Bilgisayar bağımlılığının tedavisinde hastanın katılımı önemli. Diğer bağımlılıklara nazaran hastanın durumunu daha kolay kabul edebilmesi, doktorların işini kolaylaştırıyor. Kalıp değil, kişiye özel tedaviler uygulanıyor. Önce bilgisayarın kişinin hayatındaki yeri tespit ediliyor. Psikolojik, biyolojik, sosyal patolojiler varsa belirleniyor.

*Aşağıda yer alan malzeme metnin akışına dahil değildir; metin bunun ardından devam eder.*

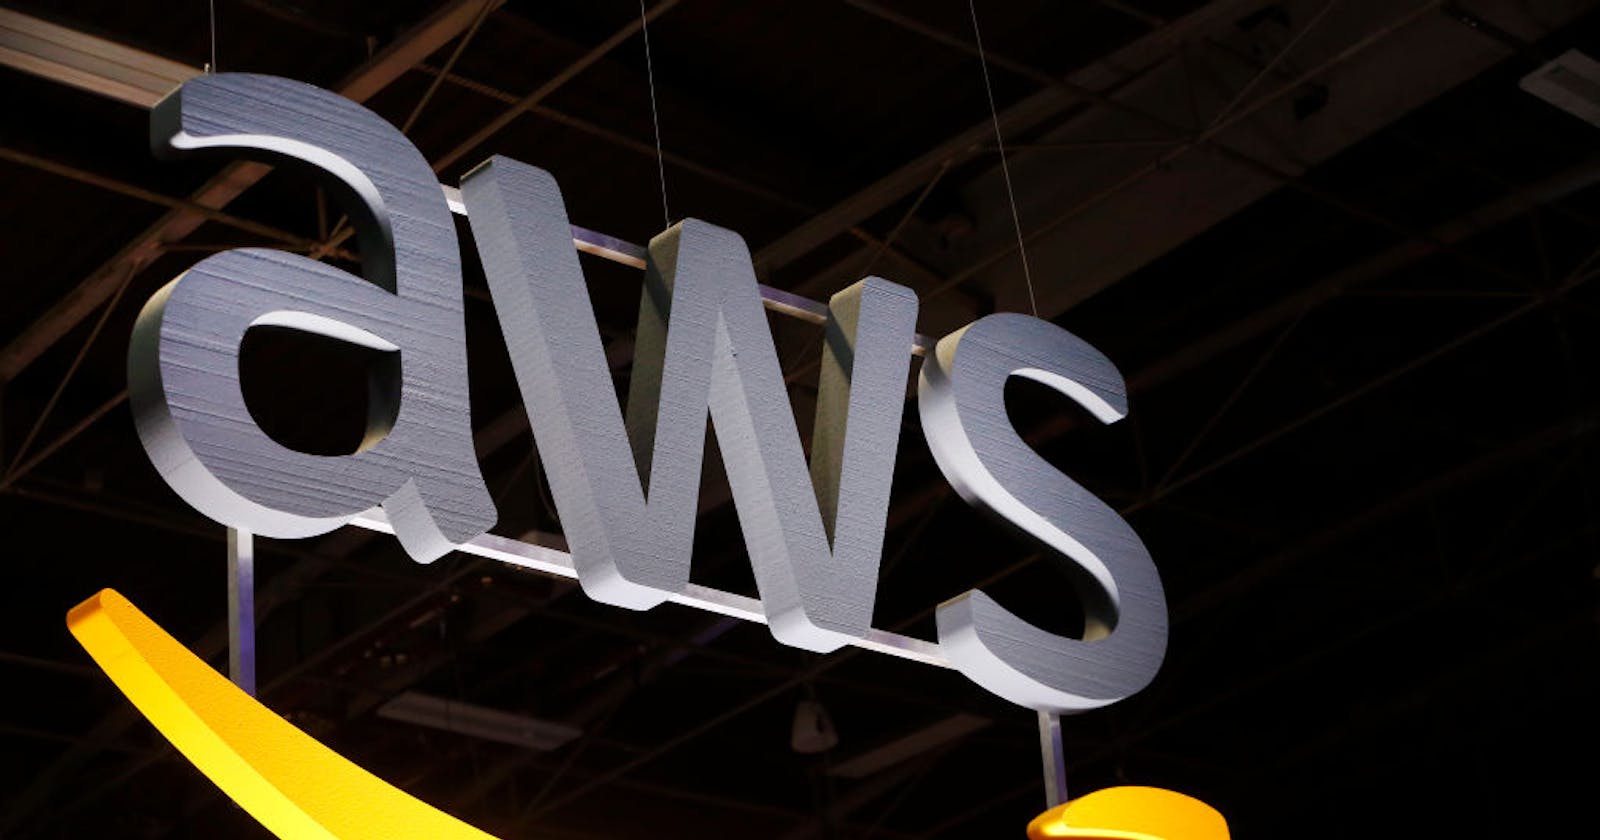 The Top 15 Most Commonly Used AWS Services You Should Know About in 2020

Eğer bir sosyal çekilme, sıkıntı varsa antidepresan kullanılıyor. Daha çok da davranışçı terapi uygulanıyor. Hastanın internete girme saati azaltılarak, yerine keyif alarak yapabileceği başka alışkanlıklar ikame ediliyor.
Kadın ve erkeklerin internetteki tercihleri birbirinden farklı. Kadınlar daha çok alışveriş sitelerinde vakit geçiriyor, erkekler ise oyun, kumar ve cinsel içerikli siteleri tercih ediyor. Çocuklar bilgisayarda en çok oyun oynuyor. Chat ise her yaş grubuna hitap ediyor. Prof. Beyazyürek, çocuklar için bilgisayarın çok ciddi bir tehdit olduğunu düşünüyor: “Özellikle çocuklar ortaokuldan önce bilgisayar başına kesinlikle oturtulmamalı. İnsanı insan yapan en önemli özellik soyut düşüncedir ve bu yetenek dokuz yaşına kadar şekillenir. Soyut düşüncenin henüz tamamlanmadığı bir dönemde çocuğun önüne bilgisayar gibi bambaşka bir dünya koyduğunuz takdirde yeteneği gelişemez ve robotlaşır. En azından 8-9 yaşına kadar aileler bu konuda dikkatli davranmalı.” Ebeveynin, “Ne güzel, çocuğum bilgisayar kullanıyor” sevincinin de anlamsızlığını ortaya koyuyor Beyazyürek’in ifadeleri. Zira akıl hastalıklarının büyük bölümü de soyut düşüncenin bozulmasıyla başlıyor.
Peki bu durum karşısında nasıl bir tedbir geliştirmeli? Psikiyatr Genç, bağımlılık sorununun çözümünün genel bir devlet politikası olması gerektiğini düşünüyor. İnsanların bilinçlendirilmesi, bu yönde atılacak en önemli adım. Böylece kişisel ‘farkındalık’ arttığı için tedavi ihtiyacının doğması da sağlanacaktır. Psikolojik desteğin de ihmal edilmemesi gerekiyor.
Şüphesiz burada en büyük iş, kişinin kendi iradesine düşüyor. Saatlerce açık tuttuğu bilgisayarında açtığı her pencerenin içinden geçerek bilmediği bir yönde ilerlemektense daha ‘tutumlu’ bir tavır takınmak gerekiyor. Aksi takdirde bilgisayar içinde sanal bir dünya kuruyor kişi kendine ve bu, dışarıdaki hayattan hem psikolojik ve nadiren de olsa fiziksel bir kopuşa dahi sebep olabiliyor. Bu durum karşısında söylenebilecek tek söz kalıyor: “Değer miydi?”